A2. Treasury | Legal, National Security, and Economic Implications
The takeover of Treasury data by an inexperienced, unvetted team with a single unaccountable individual at the top raises clear financial, security, ethical, and conflict-of-interest questions.
- Threats to the US treasury are threats to the operations of the global financial markets, US federal, state, and local governments, and the real economy, which the Treasury underpins by distributing federal entitlements, contract payments, debt service, and more. Control of the Treasury by partisan actors or unvetted personnel offers unprecedented power and opportunity for abuse of the system for political, personal, or foreign interests. A full description of the economic consequences of misuse (or even suspected misuse) of Treasury payment systems is outside the scope of this memo.
- The takeover likely violates multiple federal laws. Like OPM data security, Treasury payment infrastructure is strictly regulated under the Federal Information Security Management Act (FISMA). More generally, unauthorized modifications to existing Congressional appropriations raise both legal and Constitutional questions.
- Rapid changes to the code base threaten the basic functioning of the entire Treasury payments system. Modifying the code base may sound innocuous, but modernizing legacy code systems are complex and sensitive; it can pose significant risks to the ability of the system to correctly make its $6 trillion in payments.
- Payment stoppages, via error or intentional freezes, risk damaging trust in the US government to reliably meet its obligations to creditors and contractors.
- Access to payments data allows the Musk team to engage in numerous activities that constitute economic and security risks: spy on competitors to Musk's companies; identify and block payments to politically or personally disfavored individuals or companies; and intentionally or accidentally share data with foreign governments or nonstate actors who could use it to bribe, blackmail, or surveil critical US personnel and companies.
- Data access is especially concerning because the Musk team is inexperienced and unvetted. Musk's strong ties to Russia and China are well known (and documented in the Appendix), but the government simply lacks information about foreign influence, blackmail risk, and other security concerns for the DOGE team.
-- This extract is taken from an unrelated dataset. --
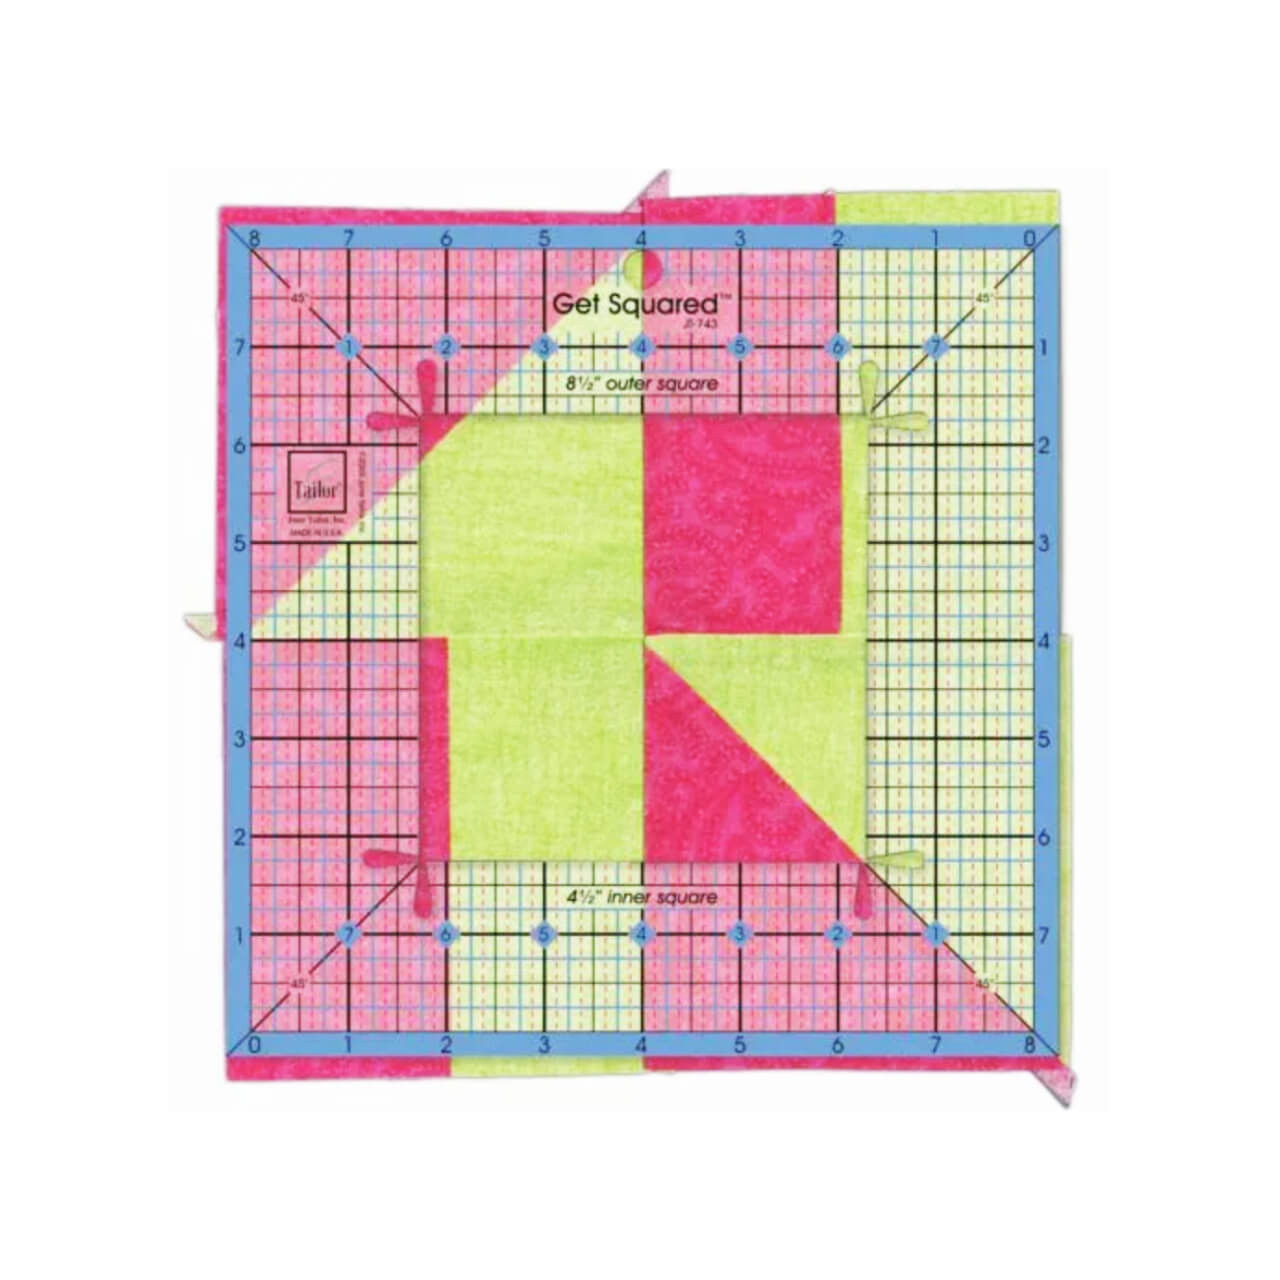 The Medium Get Squared Ruler by June Tailor is shown in use, overlaying a colorful quilt block composed of pink, green, and yellow sections, demonstrating the ruler's capability for precise measurement and trimming.

- Unilaterally blocking and erasing payments damages willingness to collaborate with the United States. Contractors and partners will be reluctant to work with the US government if they fear that their payments could be cut off at any time, regardless of contract provisions. Larger contractors have expressed their willingness to pursue contract provisions via the courts.
A3. Treasury | And the Neoreactionary Playbook
Curtis Yarvin’s philosophy calls for deconstructing state control over financial and regulatory mechanisms, enabling private actors to assume control over core government functions, with an unaccountable monarch/CEO at the top. By infiltrating Treasury systems, Musk’s network has taken a major step toward undermining federal fiscal autonomy and privatizing government decision-making. This Treasury infiltration follows Yarvin’s model:
- Damaging trust in the US dollar and dollar-denominated Treasury securities creates a rationale for moving major aspects of US government finance to cryptocurrency, a long time goal of many Neoreactionaries.
- Eliminating institutional resistance by removing career professionals like David Lebryk.
- Granting unchecked access to government financial systems to ideological loyalists outside traditional oversight.
- Centralizing control over government payment systems under a single unaccountable individual, facilitating disruption of payments to individuals or groups disfavored by Musk’s allies or political factions and positioning a single individual as .
- Positioning private actors as the new arbiters of public finance, setting a dangerous precedent for the privatization of federal payment mechanisms.
B: Noncompliance with Congressional Appropriations
B1: Appropriations | What Happened
The Musk team has taken direct aim at Congress's "power of the purse" in the weeks since inauguration.
- On Monday, January 20, an executive order froze all foreign assistance administered through the Department of State and the United States Agency for International Development (USAID), with extremely limited exceptions for aid to Israel and Egypt. This led to a global stop work order on all development assistance.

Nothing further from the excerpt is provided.